Difficulty: Medium
A robot is located at the top-left corner of a m x n grid (marked 'Start' in the diagram below).
The robot can only move either down or right at any point in time. The robot is trying to reach the bottom-right corner of the grid (marked 'Finish' in the diagram below).
Now consider if some obstacles are added to the grids. How many unique paths would there be?
An obstacle and empty space is marked as 1 and 0 respectively in the grid.
Note: m and n will be at most 100.
Example 1:
Input:
[
[0,0,0],
[0,1,0],
[0,0,0]
]
Output: 2
Explanation:
There is one obstacle in the middle of the 3x3 grid above.

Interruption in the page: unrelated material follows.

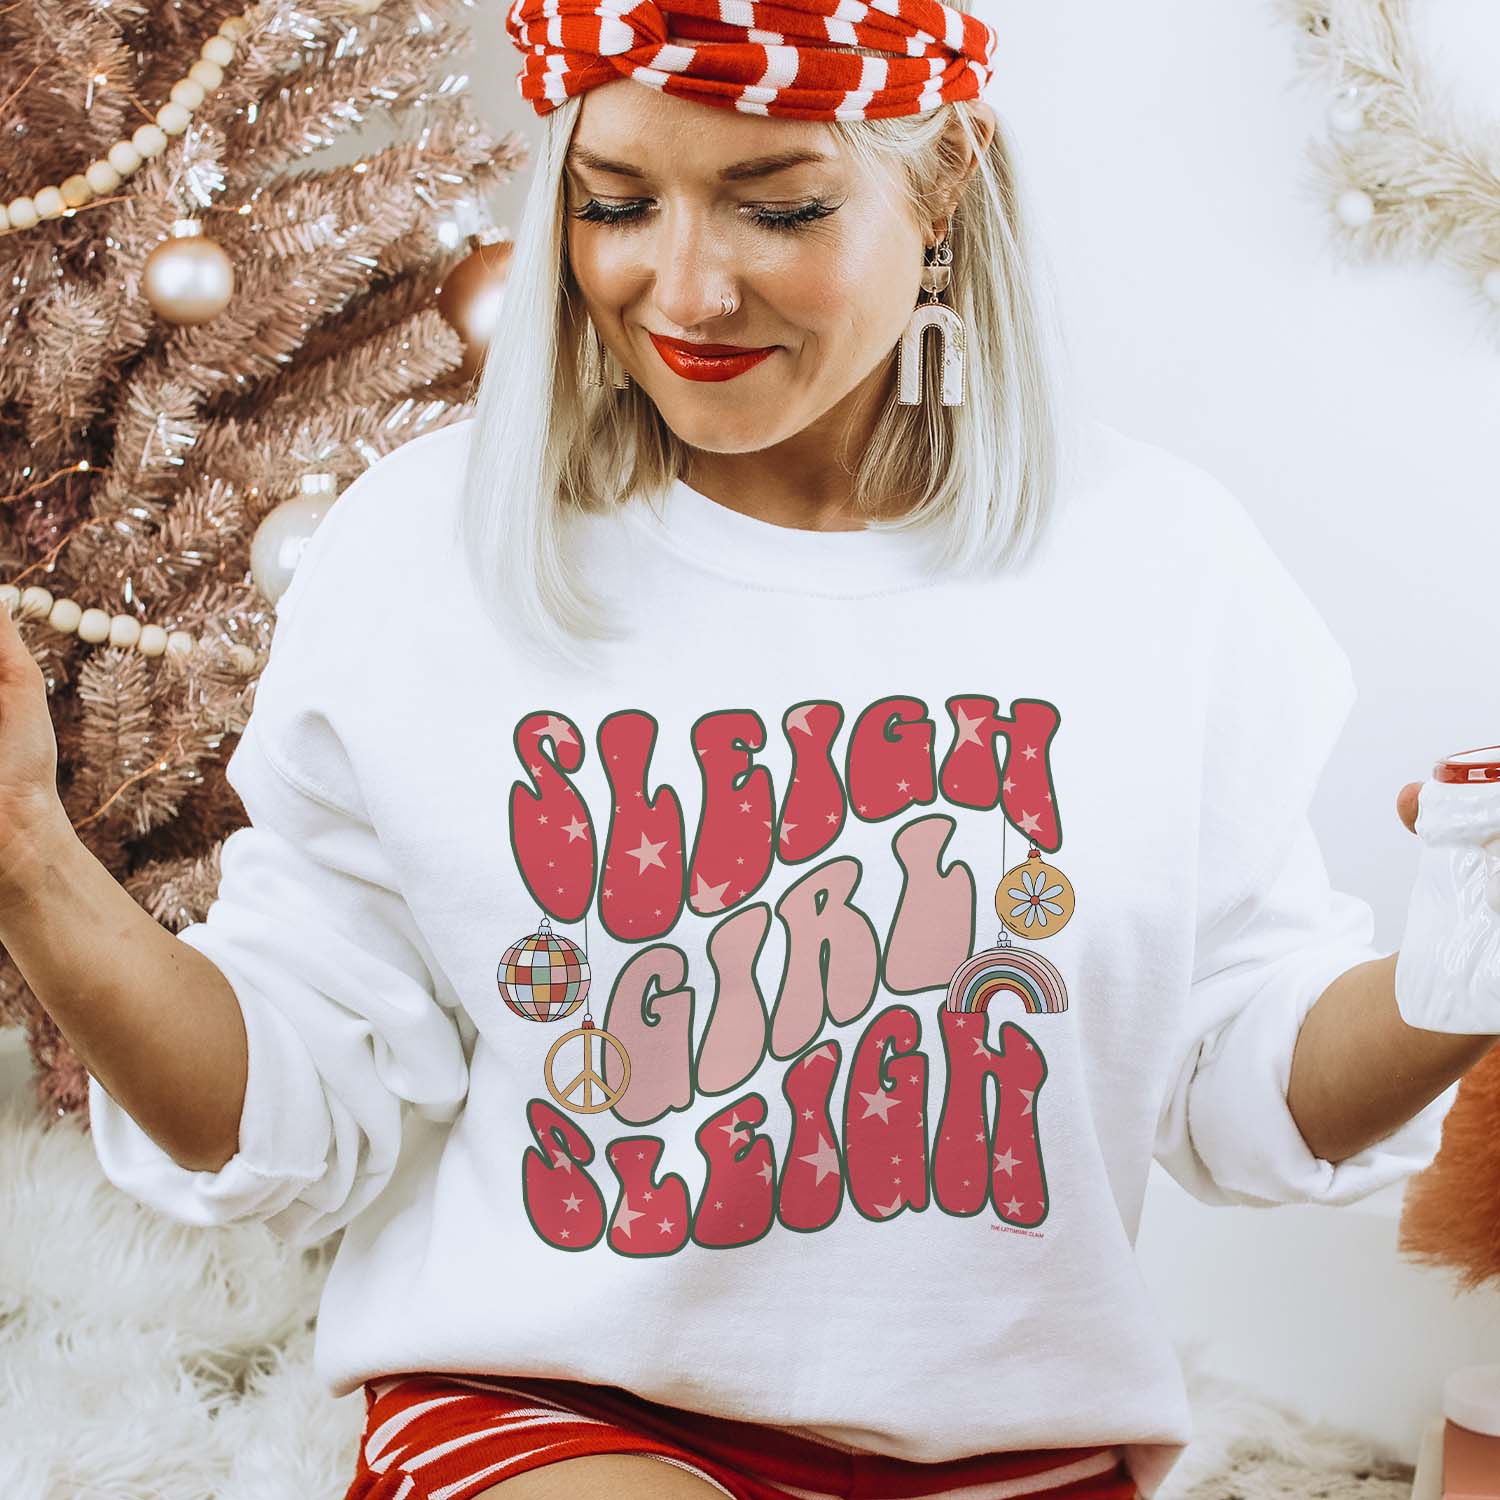 This white sweatshirt features a crew neckline, long sleeves, and a hand drawn graphic with the words "Sleigh Girl Sleigh" in a fun, groovy font. The words "Sleigh" is red with light pink stars throughout, and the word "Girl" is light pink". There are four different ornaments hanging from the first "Sleigh" that are a disco ball, peace sign, rainbow, and a floral ornament. These are in fun, light colors.

There are two ways to reach the bottom-right corner:
1\. Right -> Right -> Down -> Down
2\. Down -> Down -> Right -> Right
Language: Java
class Solution {
public int uniquePathsWithObstacles(int[][] obstacleGrid) {
if (obstacleGrid == null) {
return 0;
}
int m = obstacleGrid.length;
if (m == 0) {
return 0;
}
int n = obstacleGrid[0].length;
int[][] ways = new int[m][n]; // 所有的格子都能到达,因此初始化为0,表示没有计算过。该数组用于保存到达该坐标的路径个数,防止重复计算
int i = uniquePathsWithObstacles(obstacleGrid, ways, m - 1, n - 1);
return i;
}
private int uniquePathsWithObstacles(int[][] obstacleGrid, int[][] ways, int m, int n) {
if (m < 0 || n < 0 || obstacleGrid[m][n] == 1) {
return 0;
}
if (m + n == 0) {
ways[m][n] = 1;
return 1;
}
if (ways[m][n] > 0) {
return ways[m][n];
}
ways[m][n] = uniquePathsWithObstacles(obstacleGrid, ways, m, n - 1) + uniquePathsWithObstacles(obstacleGrid, ways, m - 1, n);
return ways[m][n];
}
}Language: Java
class Solution {
public int uniquePathsWithObstacles(int[][] obstacleGrid) {
int width = obstacleGrid[0].length;
int[] dp = new int[width];
dp[0] = 1;
for (int[] row : obstacleGrid) {
for (int j = 0; j < width; j++) {
if (row[j] == 1)
dp[j] = 0;
else if (j > 0)
dp[j] += dp[j - 1];
}
}
return dp[width - 1];
}
// dp[j] += dp[j - 1];
// is
// dp[j] = dp[j] + dp[j - 1];
// which is new dp[j] = old dp[j] + dp[j-1]
// which is current cell = top cell + left cell
}